Generational Conflict

Generational Conflict tidak secara sempit berarti konflik antar generasi, tetapi istilah yang secara luas memayungi ketegangan atau ketidaksepakatan yang dapat terjadi antara beberapa generasi. Uniknya, ketegangan ini bisa sama sekali tidak dirasakan sebagai konflik, tetapi sekadar sebagai perbedaan saja, tetapi perbedaan ini sedemikian rupa terjadi dari hal yang paling substansial sampai hal yang paling remeh temeh. Sehingga, masing-masing kelompok dapat memegang kebenaran dan kebaikan masing-masing yang secara sahih diterima; sama-sama tulus dan otentik, sama-sama memegang nilai, sama-sama memegang nilai integritas, tetapi bisa sama-sama berbeda, bahkan bertentangan.

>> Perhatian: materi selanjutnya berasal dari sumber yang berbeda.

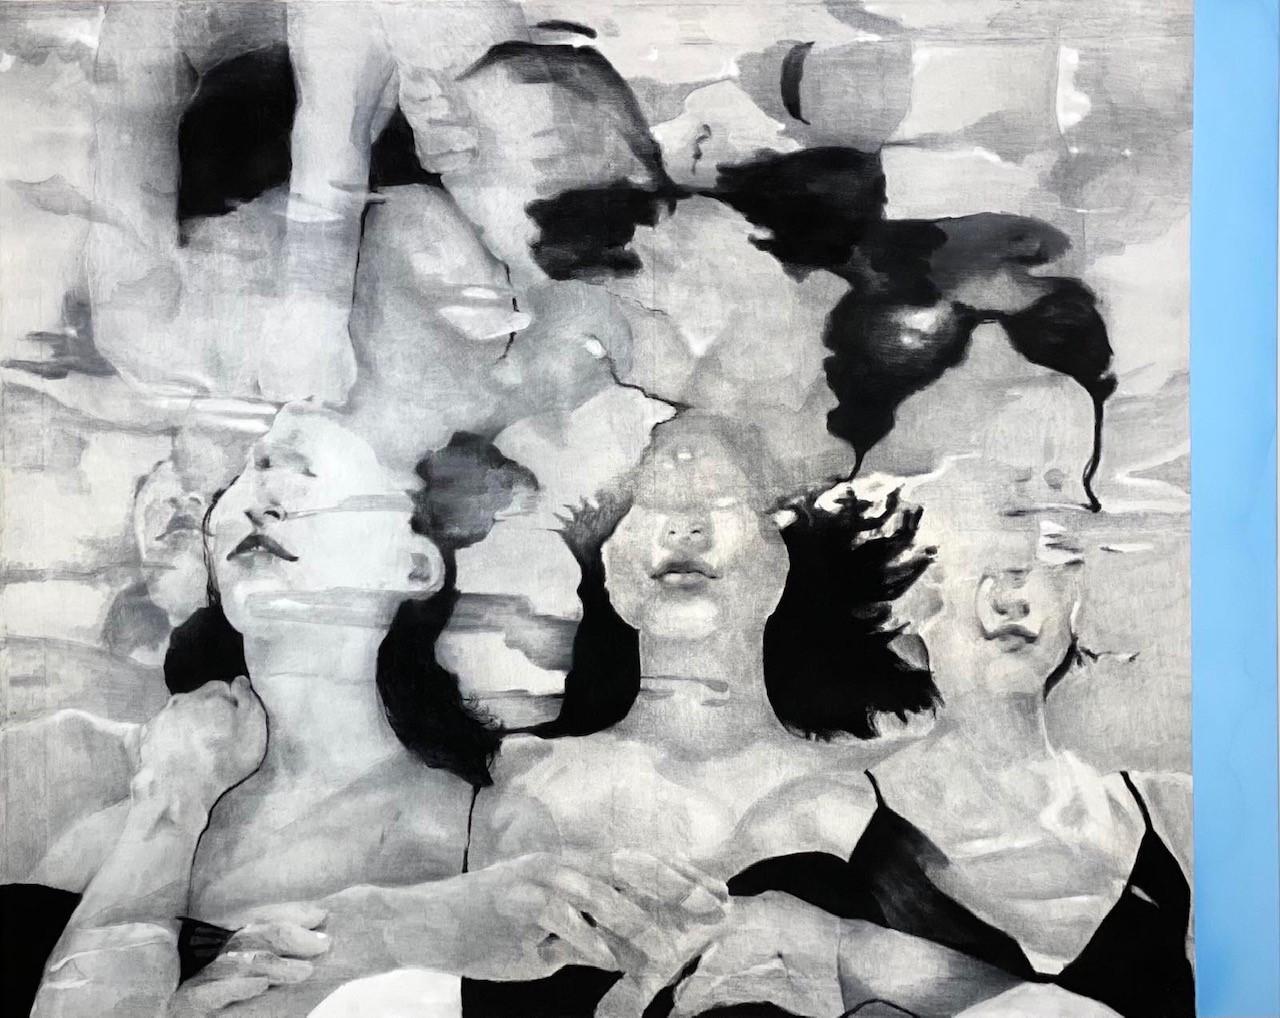 THE O GALLERY: Έκθεση του εικαστικού Σπύρου Προκοπίου στη Λάρνακα

Generational Conflict hadir dalam ruang perjumpaan bersama, menyangkut beberapa hal mendasar, seperti:

  1. Nilai dan keyakinan. Nilai dan keyakinan hidup dibentuk oleh relasi individu dengan masyarakatnya. Perubahan konteks masyarakat lokal-global, masa lalu-kini-masa depan, di sini – di sana bisa menyebabkan apa yang dianggap benar, baik, dan indah oleh sebuah kelompok tidak dianggap demikian oleh kelompok (termasuk kelompok generasi) yang berbeda.
  2. Perubahan psikososial dan pola relasi. Perubahan pola relasi terjadi secara internal (psikososial), maupun dalam relasi dengan pihak luar (digital-manual, relasi langsung tetap muka – relasi tidak langsung melalui media). Generasi yang berbeda memiliki sistem psikososial yang berbeda dan pola relasi yang berbeda. Karena masing-masing bertumbuh dengan pola generasinya, maka masing-masing menganggap pola yang diterimanya sebagai kebenaran. Perbedaan ini dapat menyebabkan ketegangan, “kok anak zaman sekarang seperti ini”, “kok begini salah, begitu salah, padahal sudah melakukan yang terbaik”, “kok rasaya ditinggal dan tidak dihargai”, dan seterusnya.
  3. Pencapaian generasi. Situasi umum yang terjadi di GKJW pada beberapa tahun terakhir, ketika generasi muda dianggap kurang mampu, atau generasi tua dianggap sulit menerima perubahan, bahkan sampai mengangkut perbedaan pola pendekatan pastoral bisa jadi muncul karena ketidaksadaran atas generational conflict. Apa yang dianggap pencapaian oleh sebuah generasi (baik generasi yang lebih terdahulu, maupun generasi yang lebih kemudian) tidak dianggap sebagai capaian oleh generasi yang lain, sehingga muncul perbedaan pandangan pada karya GKJW yang alih-alih menuju kesatuan, justru distingsi.
  4. Ketidakadilan berbasiskan usia. Pada akhirnya, jika tidak terjembatani generational conflict bisa mengarah pada kekerasan sebagai bentuk ketidakadilan. Generational conflict ini tidak selalu muncul dalam bentuk ketegangan atau kekerasan langsung (direct violence), tetapi lebih pada situasi ketegangan struktural (sistem kuasa yang tidak seimbang) dan kultural (demikianlah cara hidup kita, ini yang kami anggap sebagai kebenaran). Tanpa disadari ada kelompok-kelompok yang merasa diperlakukan secara tidak adil oleh kelompok lain dan berpotensi melakukan ketidakadilan yang sama pada masa yang lain. Situasi kesehatan mental yang beberapa tahun belakangan menjadi fenomena serius di generasi muda sangat mungkin terjadi karena generational conflict yang tidak disadari, sehingga muncul tuntutan yang oleh sebuah generasi dianggap kewajaran, di generasi lain dianggap mengikat dan memaksa.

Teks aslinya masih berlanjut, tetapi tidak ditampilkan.